Here’s the second report I wrote for Press Gazette from the Future of Newspapers conference last week. The version which appeared in Press Gazette is here; the original is below:
Former Guardian editor Peter Preston has said that owners who are “giving up the ghost” must take some responsibility for the decline of newspapers.
Preston, speaking at the Future of Newspapers conference in Cardiff, said: “The internet may be the deliverer of the coup de grace but it is not to blame for the decline of newspapers.”
Instead, he blamed “inertia, fatalism, and cost-cutting,” combined with social changes.
“The risk is that we spend so much time discussing the dangers and not lifting our eyes to see round the corner. There’s a danger in introversion. Introversion means we don’t notice the world changing around us until it’s too late. Introversion means a fatal lack of communication in a communications business, and a refusal to make fresh connections or form new alliances. Introversion is a kind of stasis.”
Newspapers like the London Evening News and Star were killed off long before the rise of the internet, he said, by changes in society ranging from the changing nature of city centres and declining use of public transport, to people no longer working set hours and working from home.
“The reasons for buying hugely diminished. Life changed but the newspapers didn’t.”
Now, following a ‘golden era’ where “The only thing better than buying a newspaper was selling one,” profits are falling and newspaper chains are struggling to sell off their titles.
“In terms of profits, they’ve lost their allure; and in terms of influence many owners now shun the limelight. It’s neither a particularly glamorous nor lucrative game.”
The entry of freesheets into the market has also been a major factor in declining print circulations, he said.
“The London Paper is causing problems to the Sun; London Lite is causing problems to the Mail. Each is depressing profits on the house that publishes it.
“What kind of introversion commits editors to these prospects? Have evening newspapers fought back with investment? Did the Evening Standard set up satellites? London is the size of Austria, remember.”
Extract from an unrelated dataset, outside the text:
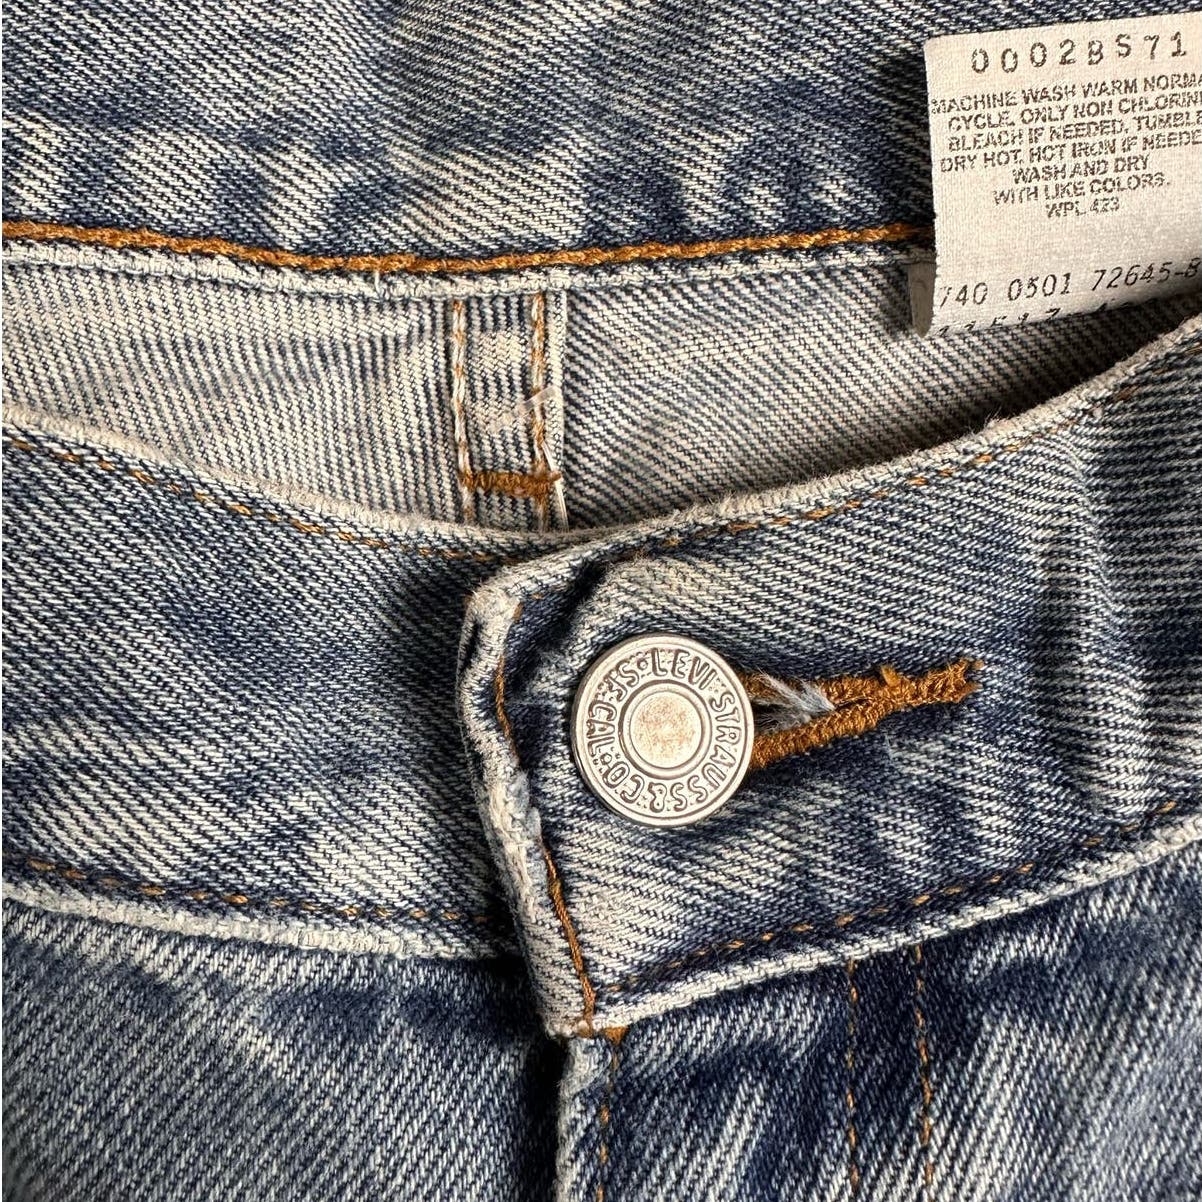 Vintage Levis 517 Bootcut Denim Jeans Low Rise 13Jr Slim Fit
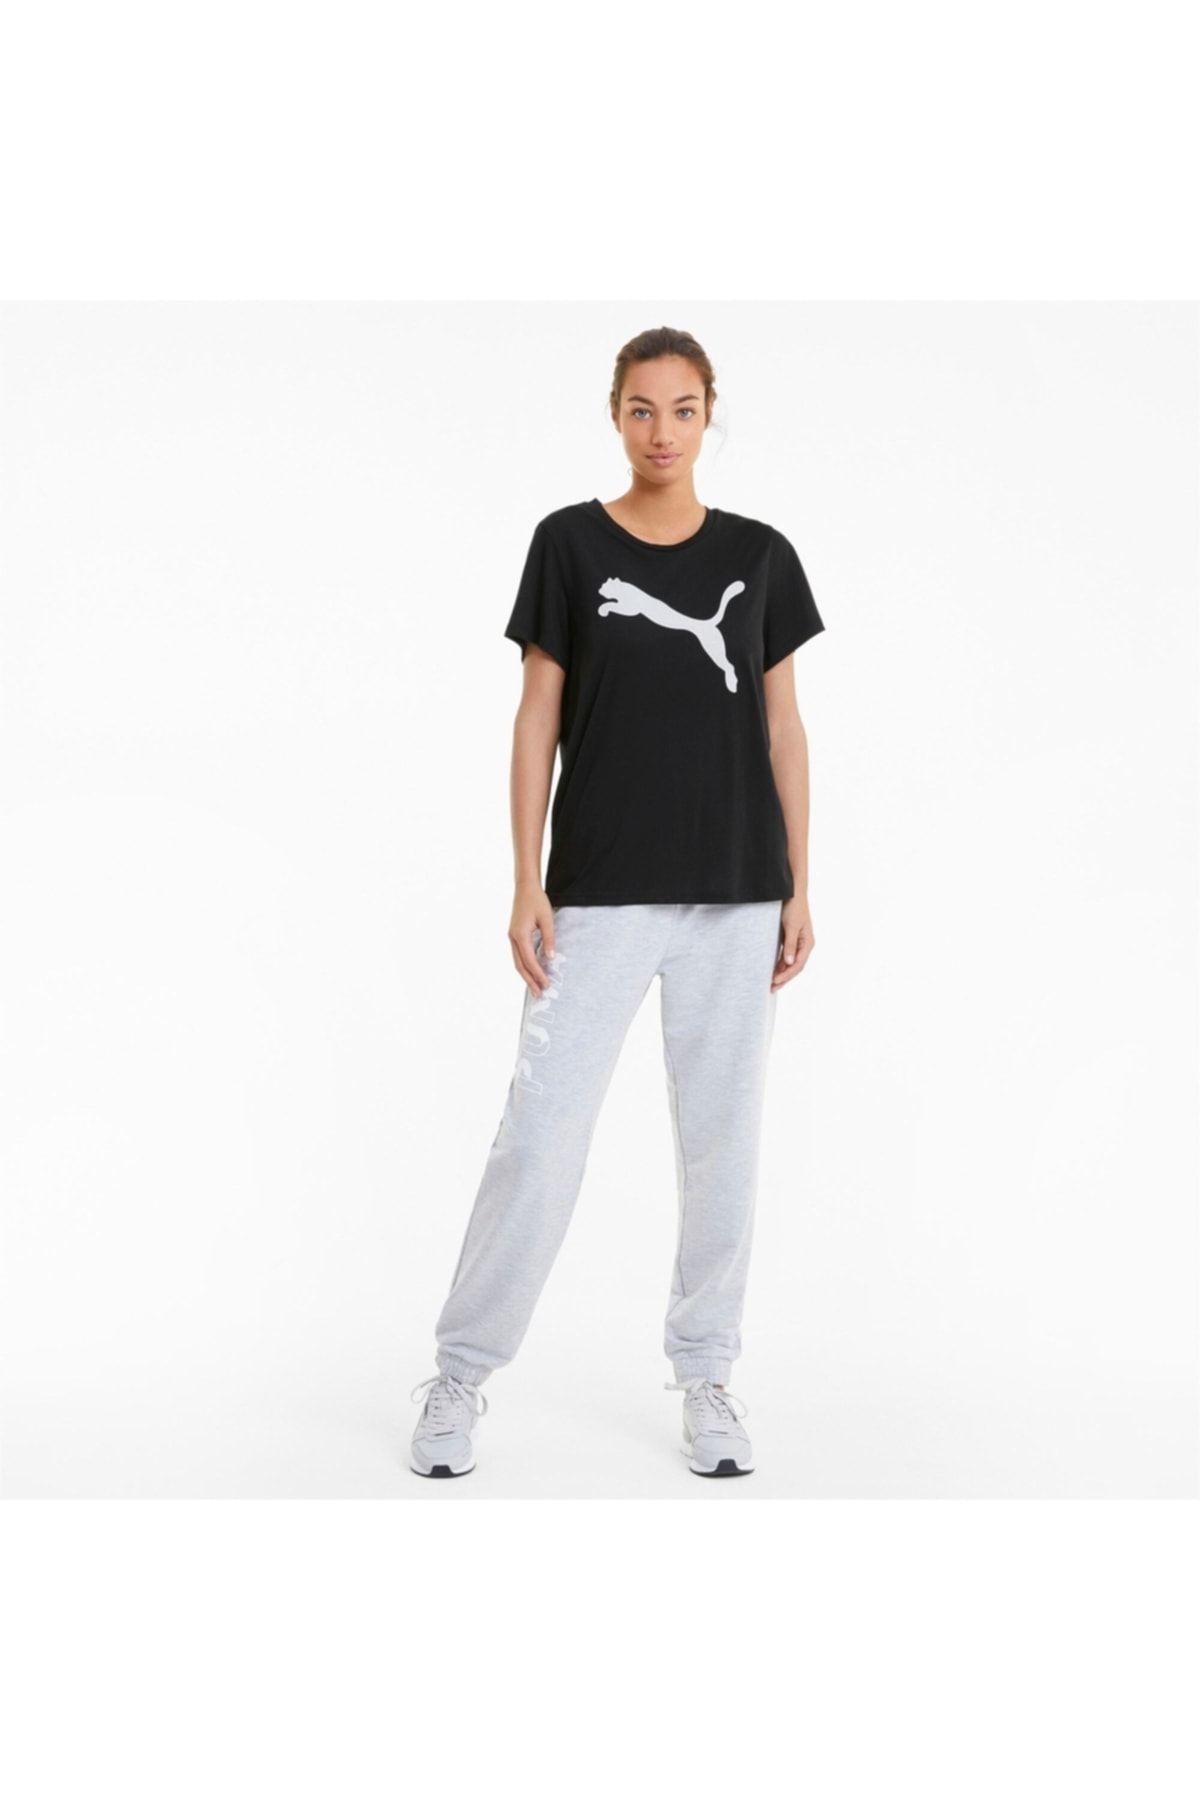 Sports - Puma Trendyol T-Shirt - Black

Newspapers should be addressing the challenges head-on, he said. “The more tracks you’ve made in addressing the future, the more chance of success. But don’t believe you’ve ‘done it’ and stop.
“You are as good as your last idea or implementation, and others can have a good idea.
“The difficulty is seeing where the technology is going to be in ten years time. At the moment most current vision is about where the internet is, and where print is – but both are uncertain. I can rap about what the internet might be like in ten years’ time – but I have no idea what ownership ten years in the future might be. It may be smaller chains, and more local chains.”
A lack of effective strategies is compounded, Preston argues, by a lack of quality in management. “You need to get good people in journalism – and that’s difficult when you’re asking graduates to work for two years on £13,500. You have to think about how you attract not just good quality journalists but good quality managers for the next twenty to thirty years.”
But at the same time, Preston said, “If we wanted a good story to tell, we could have one. If circulations of free papers were counted, there would be no decline at all. There has been a 2.3 percent rise in the circulations of newspapers globally in the last year; revenues are up 3.7%. Circulations are up 12% if you include free papers.”
“It’s a fantastically interesting time to be involved in the news industry.”
There are many fewer customers for bridles than in the early 20th century. The decline in that business was not the fault of the bridle makers or sellers, but a result of a shrinking marketplace due to the advent of the internal combustion engine used to drive four wheeeled (and some three-wheeled) vehicles.
Markets change and marketers must adapt.
The business has been piggishly profitable until recently, and with the advent of the internet and the sophistication of the technology around it, many have become dependent on it (not a bad thing) and television (a very bad thing) for news and information.
With the newspaper business having been, by and large, taken over by corporations with no essential interest in the news business, per se, but quite attracted by the large profits available, the change in the size of circulation and thus profits, have soured their distended bellies. Given their business model, they shrink staff to save money, second guess the readers by feeding them lighter fare and pap, and in the process alienate the folks who love print, who love good journalism; which, of course, compounds the “problem.”
If properly priced and made available for purchase and management by people actually devoted to print journalism, good profits could be made, good journalists could be employed, and good readers could be satisfied..
None of this will happen, of course, as the handbasket containing this world is very much on its way to its destination. Bring a fan.